After General Motors (NYS: GM) reached a deal with the United Auto Workers on Friday, other carmakers may start feeling the pressure to reach similar agreements. GM agreed to increase entry-level salaries by $2 to $3 per hour and offer a $5,000 signing bonus. The company also agreed to reopen a plant in Spring Hill, Tenn., which it had closed as part of the restructuring plan.

The deal will give leverage for workers dealing with Chrysler, whose negotiations may become more heated as its CEO returns to the table on Tuesday. More than 11% of Chrysler's employees work on entry-level salaries, compared with GM's 5% -- making an increase for Chrysler a bigger burden. Ford (NYS: F) , which also plans to enter negotiations, will review GM's plan as well but won't be able to add jobs as easily as GM, considering it has a smaller workforce. Read more at The Wall Street Journal.

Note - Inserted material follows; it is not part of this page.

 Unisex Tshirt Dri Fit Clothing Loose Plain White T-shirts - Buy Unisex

In hopes of winning support for its acquisition of T-Mobile, AT&T (NYS: T) has been approaching smaller rivals, including MetroPCS Communications (NYS: PCS) and Leap Wireless International (NAS: LEAP) , with offers of spectrum and subscribers in exchange for support for its $39 billion takeover. After the Justice Department sued on Aug. 31 to stop the deal, AT&T has looked for ways to reduce the animosity from small competitors. The communications giant has also reached out to Sprint Nextel, the fourth largest U.S. wireless operator, which put up a lobbying battle to shut down the deal. If the merger passes, AT&T would become the nation's largest wireless operator. Read more at Bloomberg.

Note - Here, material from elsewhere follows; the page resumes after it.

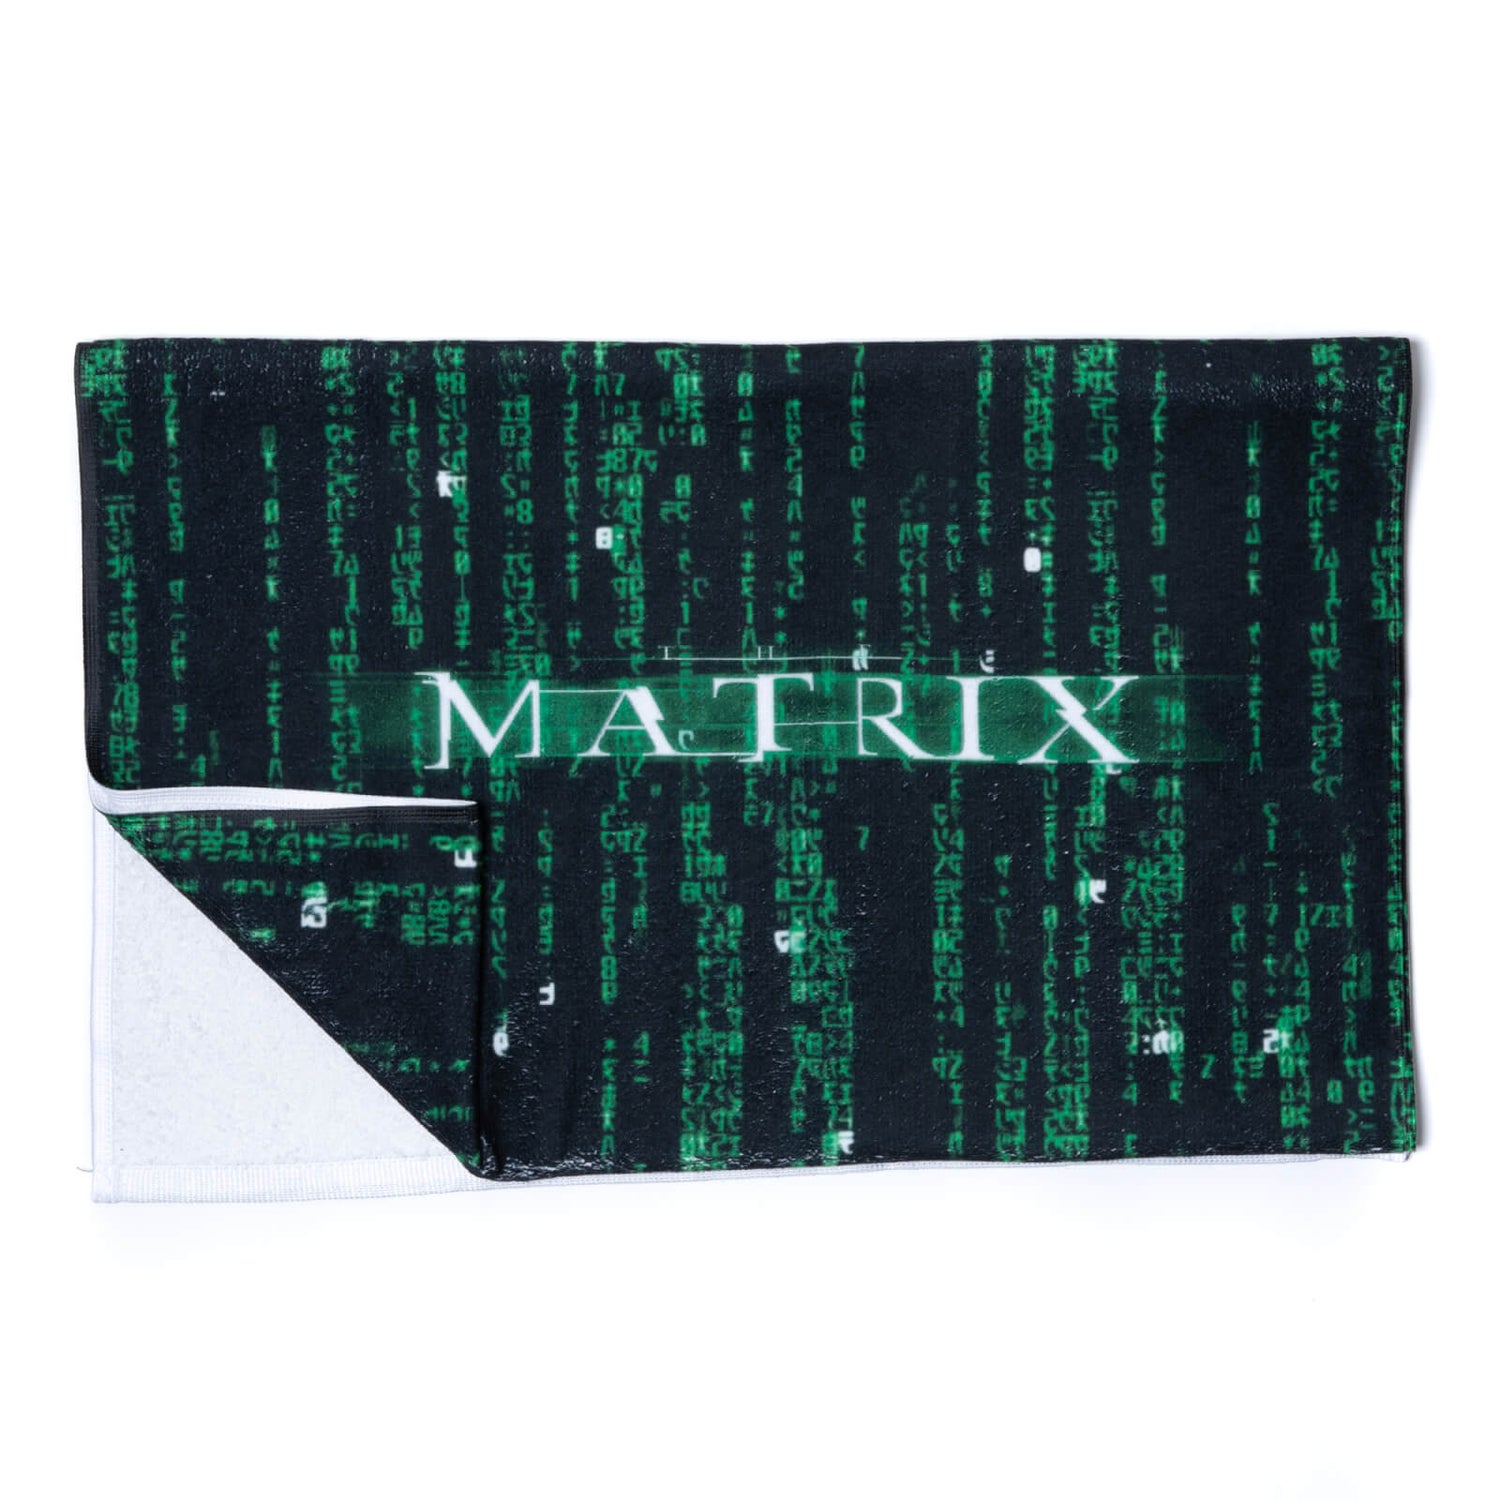 The Matrix Hand Towel

President Obama announced his plan to reduce the deficit by $3 trillion over the next the next decade. The plan includes a tax increase for people making more than $1 million, known as the Buffett Rule. The president's aides said only half of the savings would come from he increased taxes. The Republican-controlled House has already announced that it will oppose any tax increase, while the president said he will veto any legislation that would take funding from Medicare and Medicaid. Obama's proposals were met with skepticism from politicians and the business world, claiming Washington doesn't have a clear strategy on how to tackle the country's mounting debt. Medicare and Medicaid have been pointed to as a main cause for the increasing expenses. Read more at Reuters.

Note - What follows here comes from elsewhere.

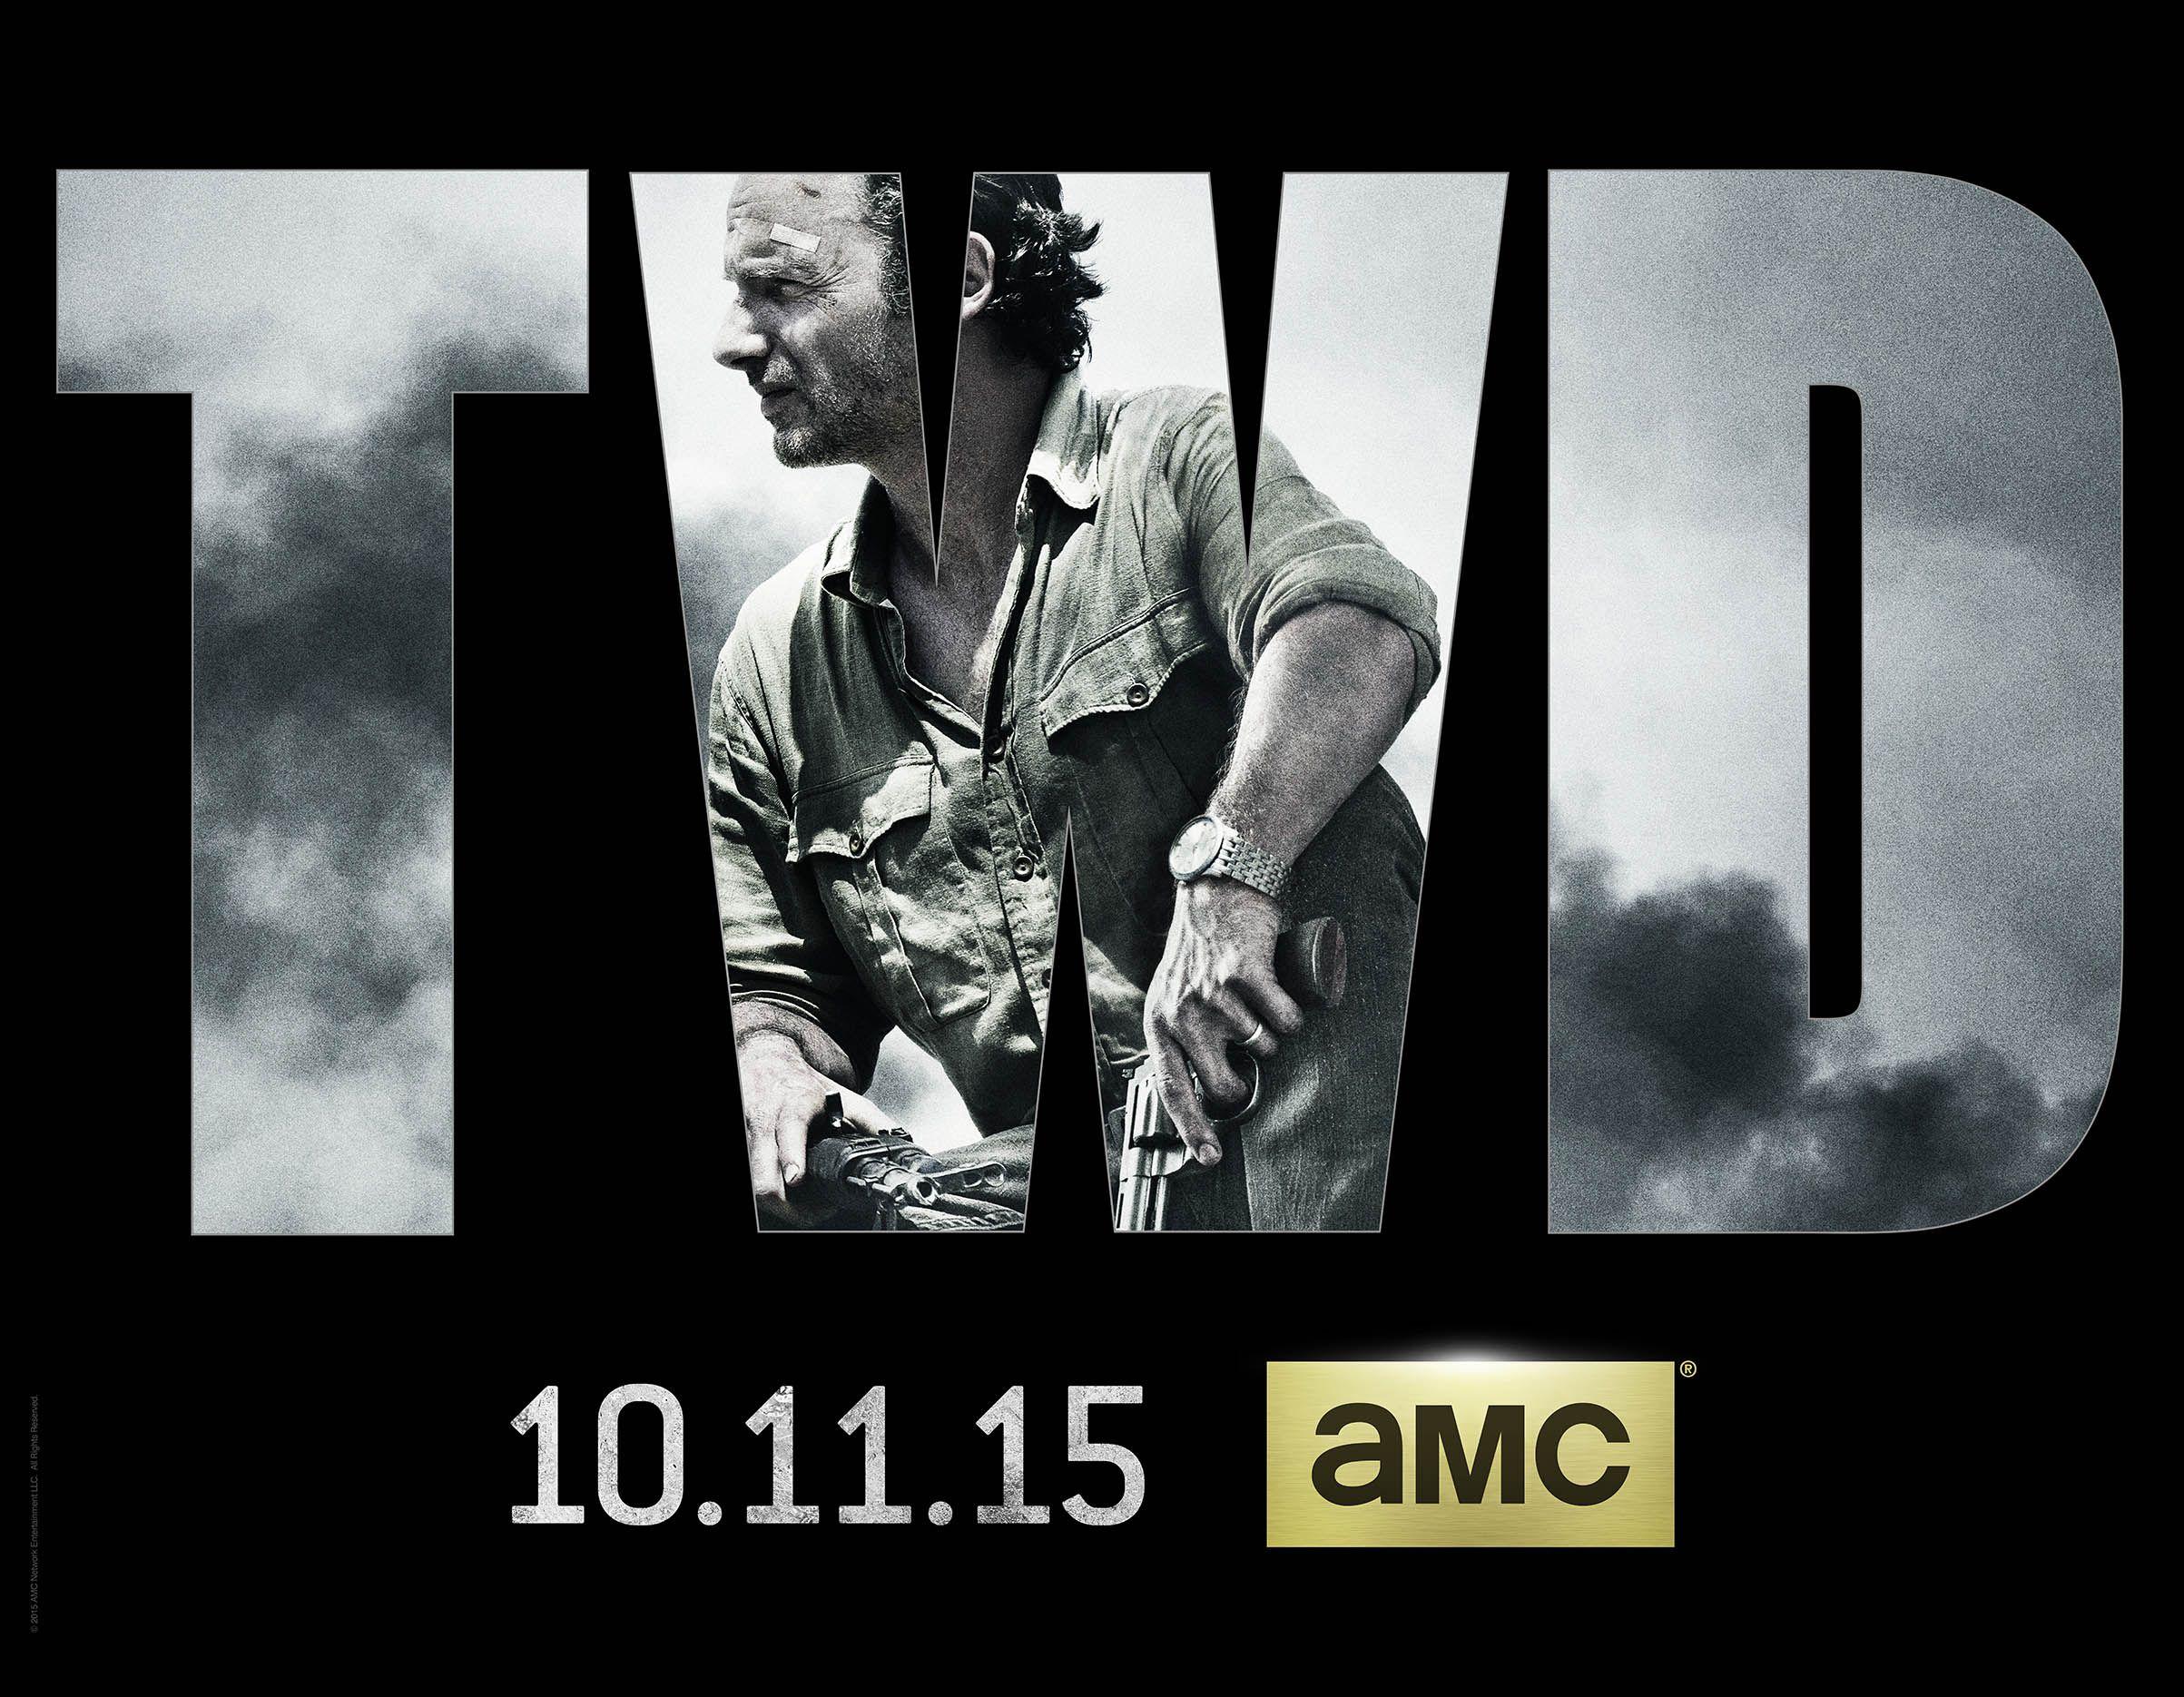 TWD Logo - Blogs - The Walking Dead - AMC Releases The Walking Dead Season 6 ...

(NYS: TYC) announced that it's looking to split itself into three companies, dividing up its residential alarms unit, its flow control unit group, and its commercial security business. Chief Executive Edward Breen said the three new businesses will be among the industry leaders in their separate sectors. Tyco becomes the latest in the trend of companies that have decided to spin off businesses to bolster profit on the theory that companies are worth more as pieces. This is not Tyco's first split: In 2007 it spun off its health-care business and electronics group into two companies. In 2002 its finance sector became independent and is now known as CIT (NYS: CIT) . Read more at Dealbook.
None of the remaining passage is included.